# Smoke Units, anyone roll their own?



## RIrail (May 5, 2008)

Hi everyone, just wondering if anyone has tried to make their own smoke machine, i.e. tank material, heater type, control circuit. If so, would you care to share your successes and/or failures? 

Steve


----------



## GaryR (Feb 6, 2010)

https://www.flickr.com/photos/[email protected]/12757511654/

The heater wire used is Kanthal coiled around a glass fiber wick. I used 28 ga. but it coulld be anywhere tween 22ga and 28ga depending on length of coil used. Propylene glycol was use for smoke fluid.
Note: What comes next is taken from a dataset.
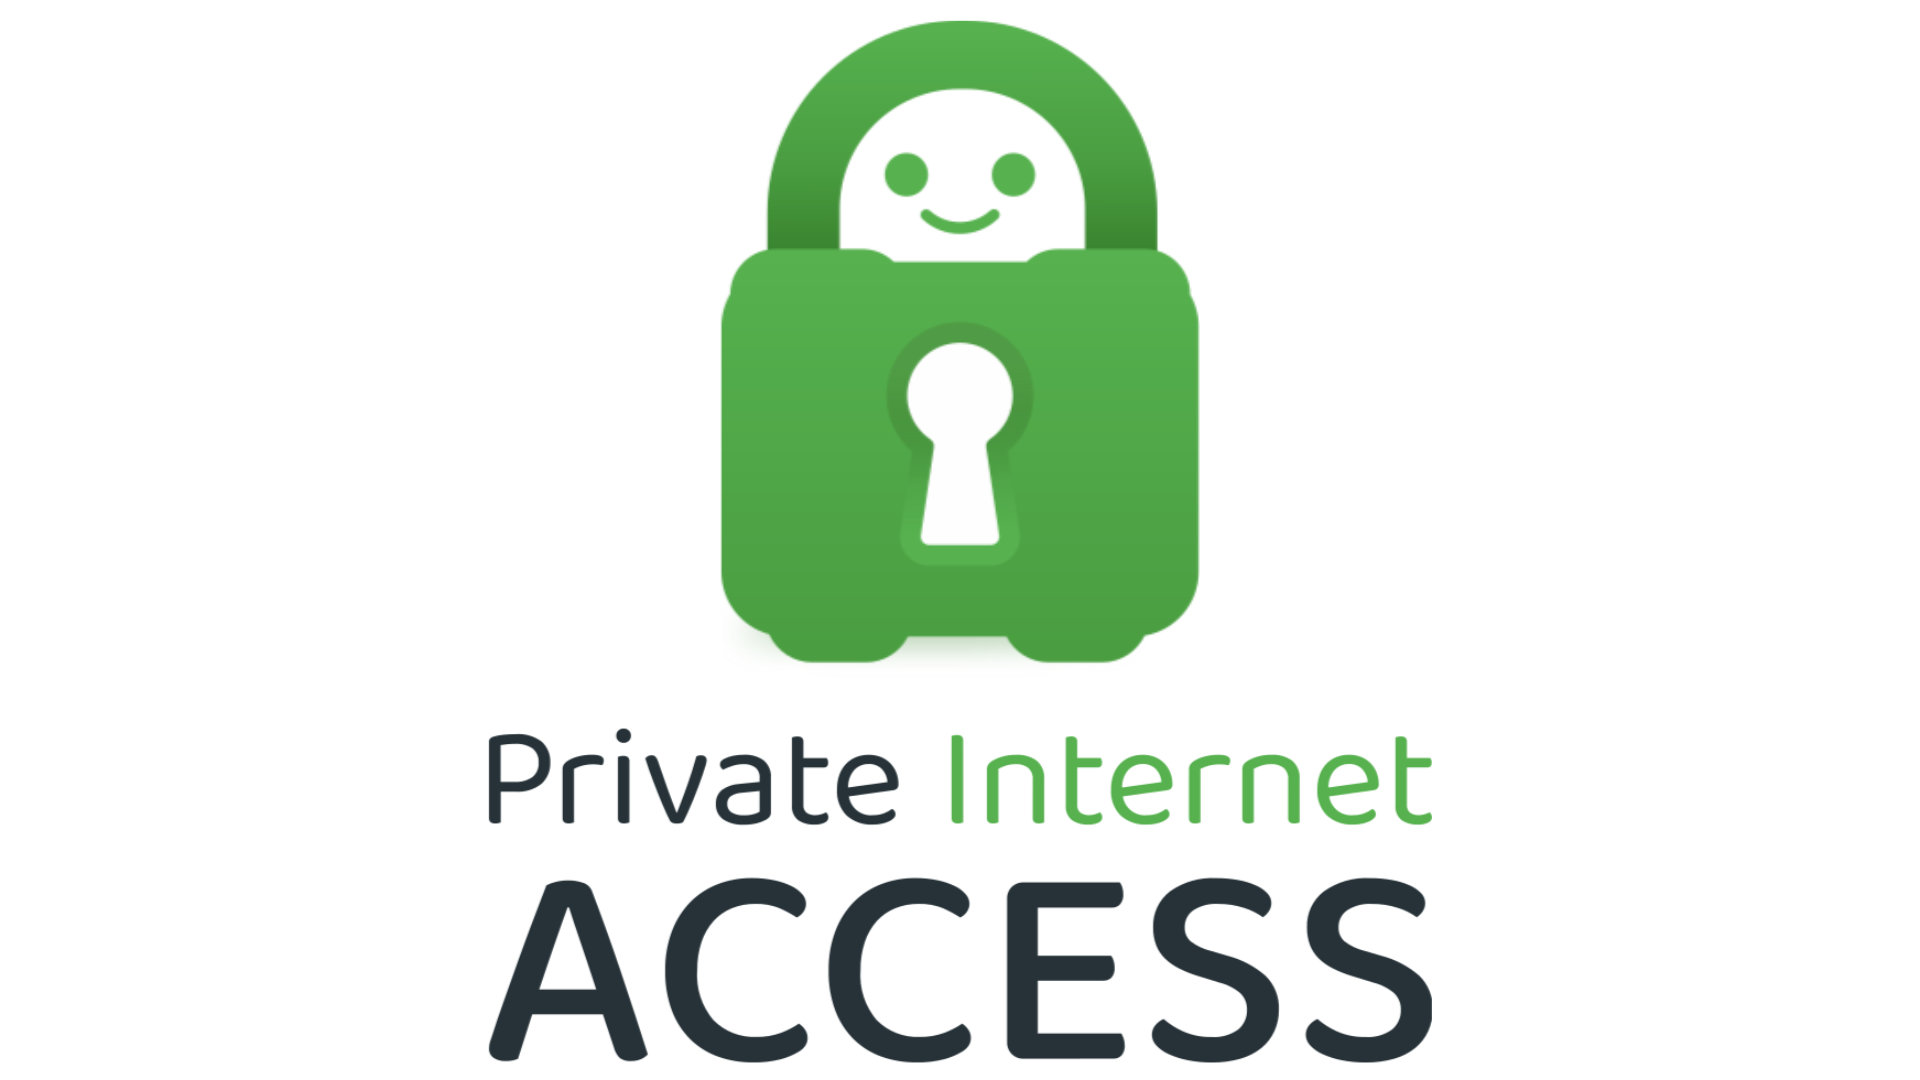 The best VPN for gaming: Private Internet Access has a smiling padlock for a logo

Brass tubing makes up the tank/holder. 7.2 volt battery used in this case. 
Your on your own.


----------



## lotsasteam (Jan 3, 2008)

resistor around 47 ohm 7 watt crush the ceramic bedding with pliers good up to 22 volt (don't forget to wrap the wig around the now "bare" resistor!


----------



## Greg Elmassian (Jan 3, 2008)

Gary, we can't see your flickr picture without an account.
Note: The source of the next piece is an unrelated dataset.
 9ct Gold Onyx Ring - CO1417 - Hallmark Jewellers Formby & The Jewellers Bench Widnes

47 ohm at 22 volts is 10 watts.. overloading the 7 watt resistor a bit, make sure you don't run it dry!

Greg


----------



## Dan Pierce (Jan 2, 2008)

With the Zimo MX695 series decoder this would work great as you can adjust it to 3 different heat levels. Look at CV137, 138 and 139 for heater element control.


----------



## lotsasteam (Jan 3, 2008)

Question for the electric experts!
I have a harbor smoke unit in my K 27,can i use the 5 or the 19 volt massoth smoke unit "without the heating element" to take advantage of the pulsed smoke out putt ? The massoth unit (fan only) will be on top of the harbor unit to pulse the smoke triggered by wheel magnets.


----------



## GaryR (Feb 6, 2010)

Try this one.

http://s1164.photobucket.com/user/GaryR46953/media/smoke02_zpssysvmncp.mp4.html


----------



## Greg Elmassian (Jan 3, 2008)

Sure you can pulse the fan, but you need to wire directly to the fan. So the literal answer to your question is yes.

But I suspect the question is "is there a way to control the fan only and in a way to apply the pulsed fan power/voltage directly" ... that answer is no from my reading of the instruction manual and studying the examples of interfacing they provide. 

Greg


----------



## lotsasteam (Jan 3, 2008)

Yes Greg ,controlling the fan only .All i know is that you can remove or replace the heating element by pulling it out the base.If some one has the unit and pulls out the resistor than we would know if the over heating sensor works with or without the resistor(heating element),should not harm the smoke unit!


----------